# Scraping Ado

This script shows how to scrape data from [LombardiaCanestro](https://lombardia.italiacanestro.it/). In this case, scrape the **Promozione - Girone E League**. Here the list of all Teams:

* [Aurora Trezzo](https://lombardia.italiacanestro.it/Maschile/Squadra?id=42&tid=482).
* [Posal Sesto San Giovanni](https://lombardia.italiacanestro.it/Maschile/Squadra?id=42&tid=483).
* [Ado San Benedetto Milano](https://lombardia.italiacanestro.it/Maschile/Squadra?id=42&tid=484).
* [CGB Brugherio](https://lombardia.italiacanestro.it/Maschile/Squadra?id=42&tid=485).
* [Azzurri Niguardese](https://lombardia.italiacanestro.it/Maschile/Squadra?id=42&tid=486).
* [Pallacanestro Carugate](https://lombardia.italiacanestro.it/Maschile/Squadra?id=42&tid=487).
* [CBBA Olimpia Cologno](https://lombardia.italiacanestro.it/Maschile/Squadra?id=42&tid=488).
* [Cesano Seveso](https://lombardia.italiacanestro.it/Maschile/Squadra?id=42&tid=489).
* [Inzago Basket](https://lombardia.italiacanestro.it/Maschile/Squadra?id=42&tid=490).
* [OSAL Novate](https://lombardia.italiacanestro.it/Maschile/Squadra?id=42&tid=491).
* [Basket Ajaccio 1988](https://lombardia.italiacanestro.it/Maschile/Squadra?id=42&tid=492).
* [Social OSA](https://lombardia.italiacanestro.it/Maschile/Squadra?id=42&tid=493).
* [Basket San Rocco 2013 Seregno](https://lombardia.italiacanestro.it/Maschile/Squadra?id=42&tid=494).
* [Ciesse Freebasket Milano](https://lombardia.italiacanestro.it/Maschile/Squadra?id=42&tid=495).
* [ACLI Trecella](https://lombardia.italiacanestro.it/Maschile/Squadra?id=42&tid=496).

## Python Script

The following cells shows the scrape script from the LombardiaCanestro Site.

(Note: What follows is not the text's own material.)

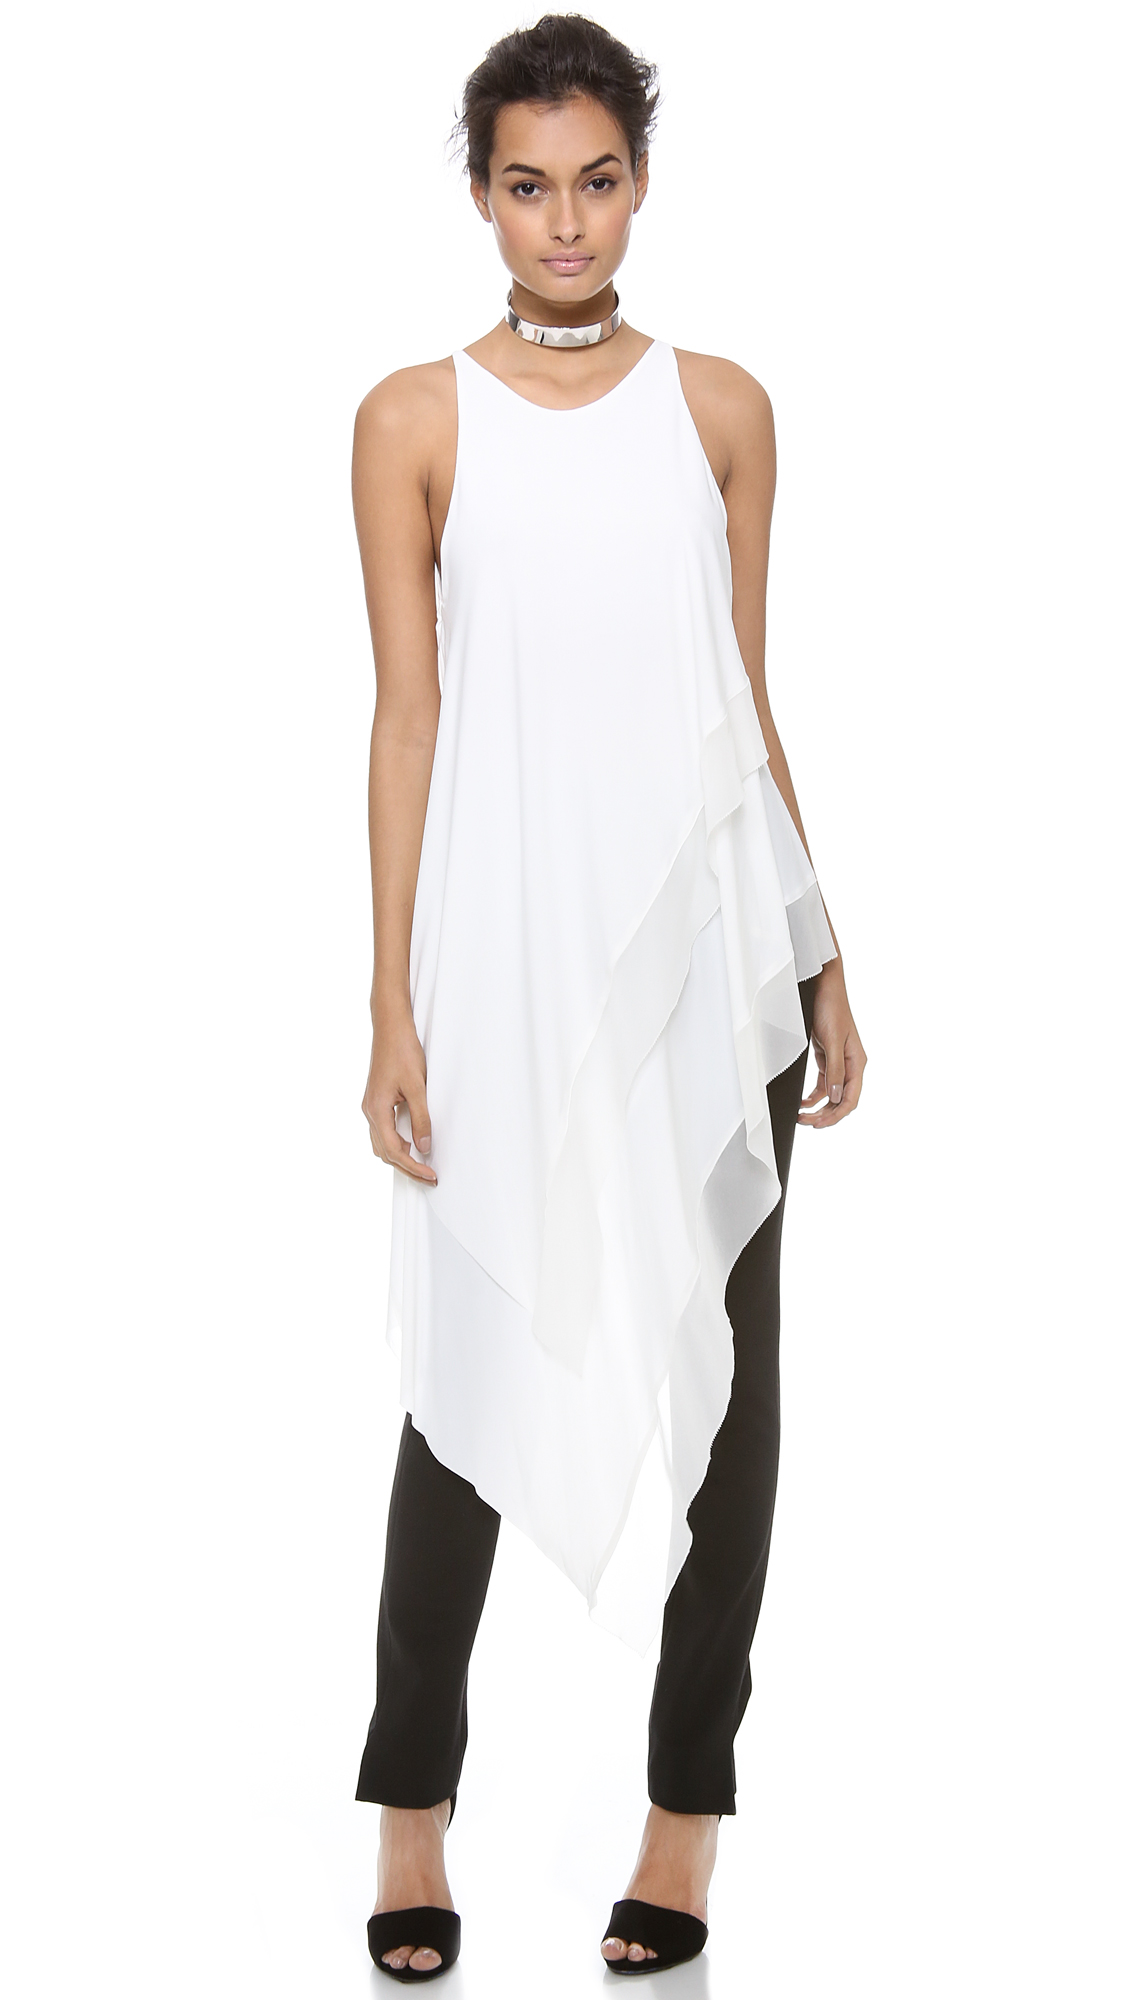 Donna karan new york sleeveless asymmetric top in white for Donna karan new york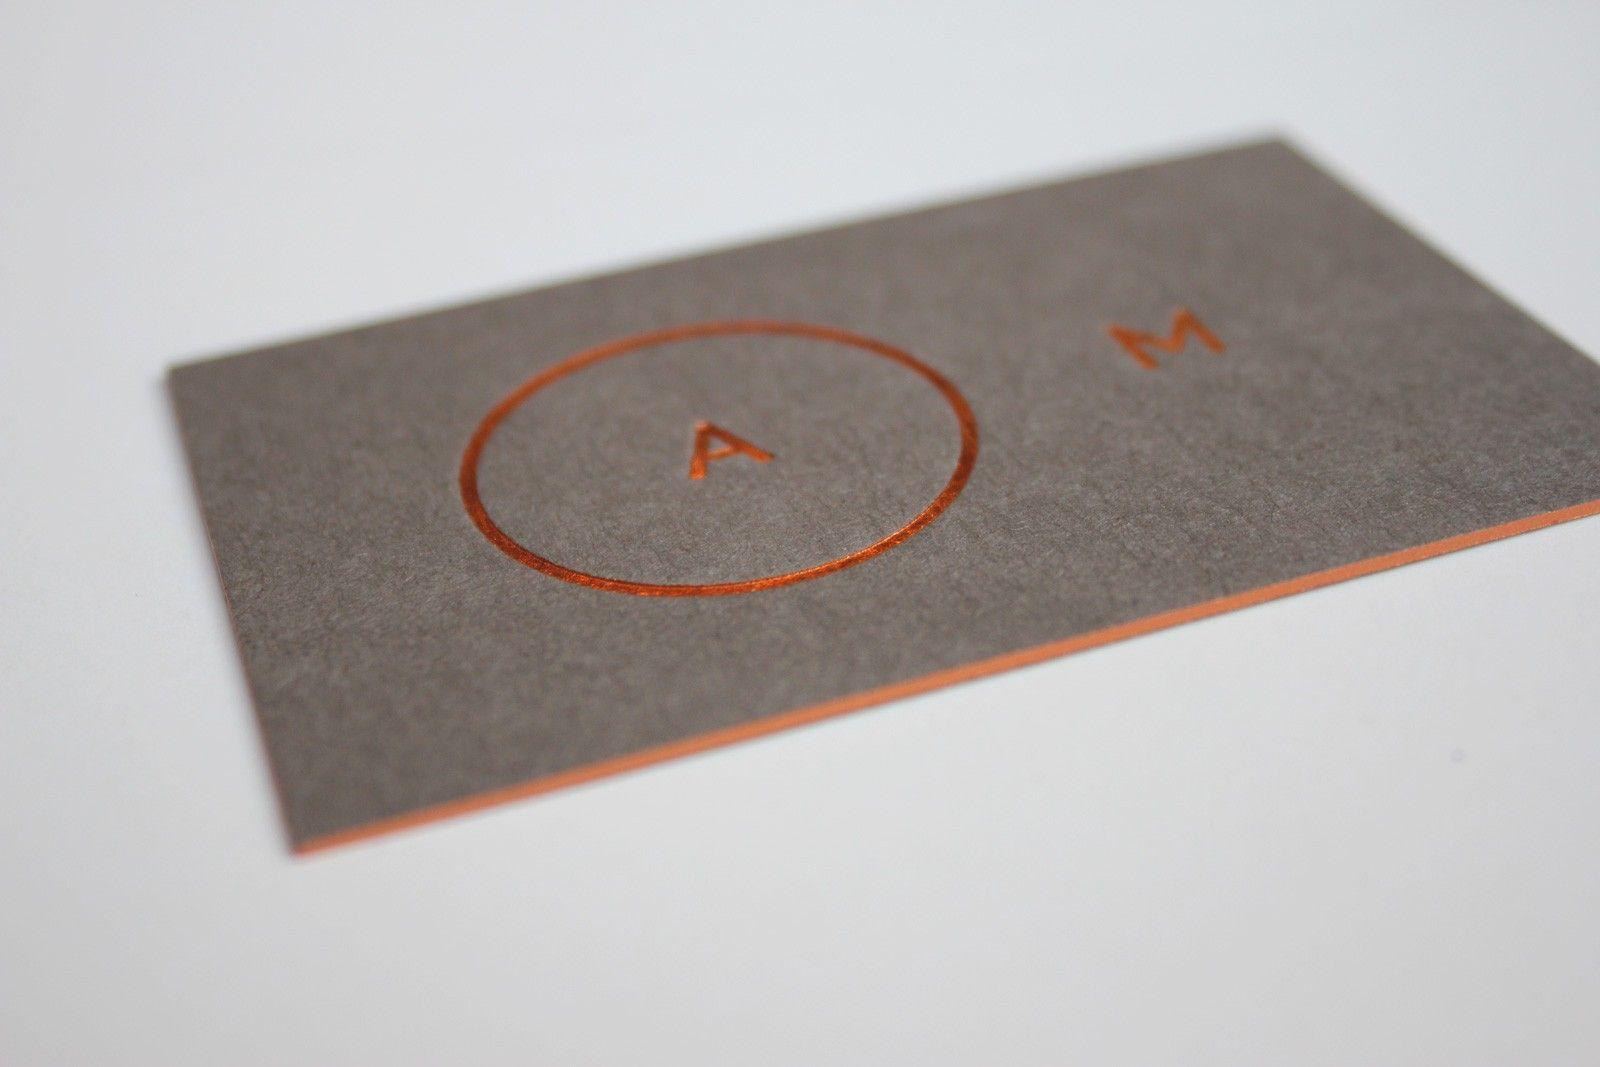 Impressive Hot Foil Stamped Business Cards You Should See | Business ...

Scrape data:

* *All games*, with this link: `https://lombardia.italiacanestro.it/Maschile/Partita?id=`***`<id_game>`***
* *Standings*, with this link: `https://lombardia.italiacanestro.it/Maschile/Calendario?id=`***`42`***
* *Rosters*, with this link: `https://lombardia.italiacanestro.it/Maschile/Roster?id=`***`42`***

### Libraries

Used libraries:

* `pandas`.
* `pycelonis`.

In [1]:
import pandas as pd
import numpy as np
from   urllib.request import Request, urlopen
from   tqdm import tqdm

#-- Celonis
from pycelonis import get_celonis
celonis = get_celonis(
    base_url = "alberto-filosa-protiviti-it.training.celonis.cloud",
    api_token = "NzQ4Mzg3YjctNzkzNy00ZTFhLWE5ZTUtN2Y5NDk0MGVhYWJiOnlHK2xYb3NKRHpwTitGU053NUxOT2ZDZFZOUllKaXNsNWlUeGFwVnJ0UTc3",
    key_type = 'USER_KEY'
)



[2023-06-04 09:04:33,159] INFO: Initial connect successful! PyCelonis Version: 2.0.0
[2023-06-04 09:04:33,356] INFO: `package-manager` permissions: ['EDIT_ALL_SPACES', 'MANAGE_PERMISSIONS', 'CREATE_SPACE', 'DELETE_ALL_SPACES']
[2023-06-04 09:04:33,357] INFO: `workflows` permissions: ['EDIT_AGENTS', 'VIEW_AGENTS', 'REGISTER_AGENTS', 'MANAGE_PERMISSIONS']
[2023-06-04 09:04:33,357] INFO: `task-mining` permissions: ['EDIT_CLIENT_SETTINGS', 'EDIT_USERS']
[2023-06-04 09:04:33,358] INFO: `action-engine` permissions: ['CREATE_PROJECTS', 'MANAGE_SKILLS', 'ACCESS_ALL_PROJECTS', 'MY_INBOX']
[2023-06-04 09:04:33,359] INFO: `team` permissions: ['MANAGE_AUDIT_LOGS', 'MANAGE_SSO_SETTINGS', 'USE_AUDIT_LOGS_API', 'MANAGE_ADOPTION_VIEWS', 'MANAGE_GENERAL_SETTINGS', 'MANAGE_GROUPS', 'MANAGE_APPLICATIONS', 'USE_STUDIO_ADOPTION_API', 'MANAGE_LOGIN_HISTORY', 'MANAGE_LICENSE_SETTINGS', 'USE_LOGIN_HISTORY_API', 'MANAGE_MEMBERS', 'MANAGE_UPLINK_INTEGRATIONS', 'MANAGE_PERMISSIONS', 'MANAGE_ADMIN_NOTIFICATIONS',

### Scraping Webpage

The `scraping_webpage` function takes in input the URL of the page to scrape the data (treated as *string*). It returns a DataFrame of the URL table.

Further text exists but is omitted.